Olor a corrupción

Olor a corrupción

Pedro Gil prefirió irse de Granada porque la riqueza tocó las puertas de su humilde casa. El “Diario de Granada” no tuvo oportunidad de ofrecer la primicia de la transformación de la humilde familia. Tampoco las radiodifusoras ni las televisoras dieron la noticia. Fue un barbero, vecino, quien notó que los Gil pasaban de pobres de solemnidad a las acariciadas fragancias de la opulencia. Y ni siquiera percibió cambios reveladores. Basado en la vanidosa condición de Peregila Emperejilada, notó el fulgor de un brillante en una oreja de la sencilla mujer.

Los medios granadinos de comunicación social no jugaron papel alguno en la proliferación de la noticia. Es probable que, hacia los días en que la leyenda sitúa estos sucesos, ni siquiera existiesen periódicos. ¡Mucho menos radiodifusoras y televisoras! En cambio existían personas pendientes de las vidas ajenas. Y en el caso de Pedro Gil, debía poseer techo de cristal, pues era el aguatero de Granada, y, en esta calidad, hombre público.

Permítanme, empero, que comience por el principio. España era para Washington Irving un sueño en lontananza. Interesado en escribir sobre la reconquista de Granada y una biografía de don Cristóbal Colón, armó viaje. Escribió dos celebrados libros de ambos temas. Fueron en cambio sus “Leyendas de la Alhambra” las que lo tornaron escritor para apetitos juveniles.

En uno de esos relatos encontramos a Pedro Gil. Una noche, de retorno a su casa con los jumentos que le servían para cargar los cántaros, escuchó los lamentos de una persona. Se acercó al lugar desde donde provenía el gutural llamado.
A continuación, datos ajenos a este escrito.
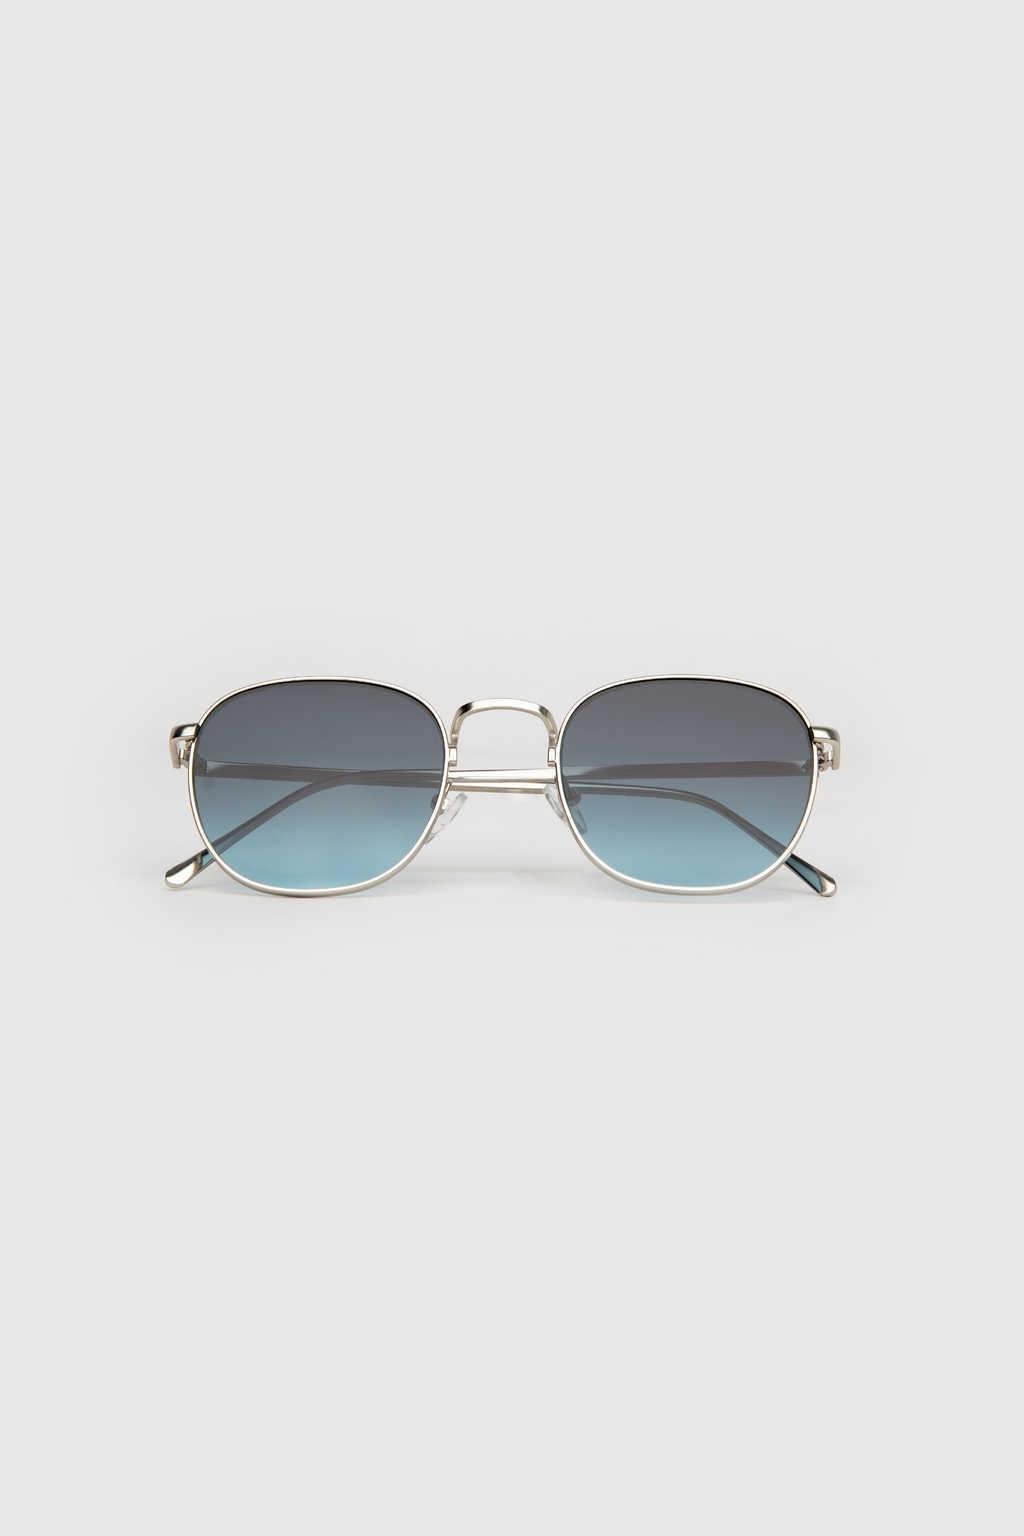 Sunglass 3370 Blue 5

Horrorizado contempló el cuerpo yacente, pero vivo, de un moro. Luchó por un instante entre los tormentos a que se exponía en caso de ayudar a este hombre y su piedad cristiana. Más pudo la conmiseración despertada por los quejidos del moro que la posibilidad de una lapidación.

Lo llevó a su casa y su mujer se aterró al recibir al inesperado huésped. Pedro impuso la presencia del moro, al apelar a la caridad de los suyos. El auxilio ofrecido al enfermo no sirvió de nada. Presintiendo su fin, el moro llamó a su samaritano. Agradecido de su bondad y atenciones, le informó de la existencia de un tesoro en cuevas subterráneas de la ciudad. Tras la inhumación del cadáver del moro, Pedro comenzó a sacar el tesoro. No hubo cambios en la vida familiar. La ostentación, empero, impuso su reclamo sobre Peregila. El barbero entrevió el tintineo de unos brillantes. No pudo reconocer la admirable belleza de la alhaja, pero percibió su brillo.

Y denunció a Pedro. Apresado, amenazado por las autoridades, confesó el descubrimiento. En realidad deseaban posesionarse del tesoro. Pedro los llevó y valiéndose de una contraseña de la que le había hablado el moro, los dejó enterrados en la gruta. Salvado porque no estaba de Dios que cayese vencido por malévolos señores, salió de Granada con sus queridos hijos y su vanidosa mujer. Sabía que no en todos es ostensible la sobriedad y la templanza. Y a Peregila la vivió débil. Ocurre lo mismo con cuantos ponen mano en frutos ajenos. Es difícil agarrarlos cargando con la masa. Pero al igual que el barbero advertimos por la ostentación el cambio de vida.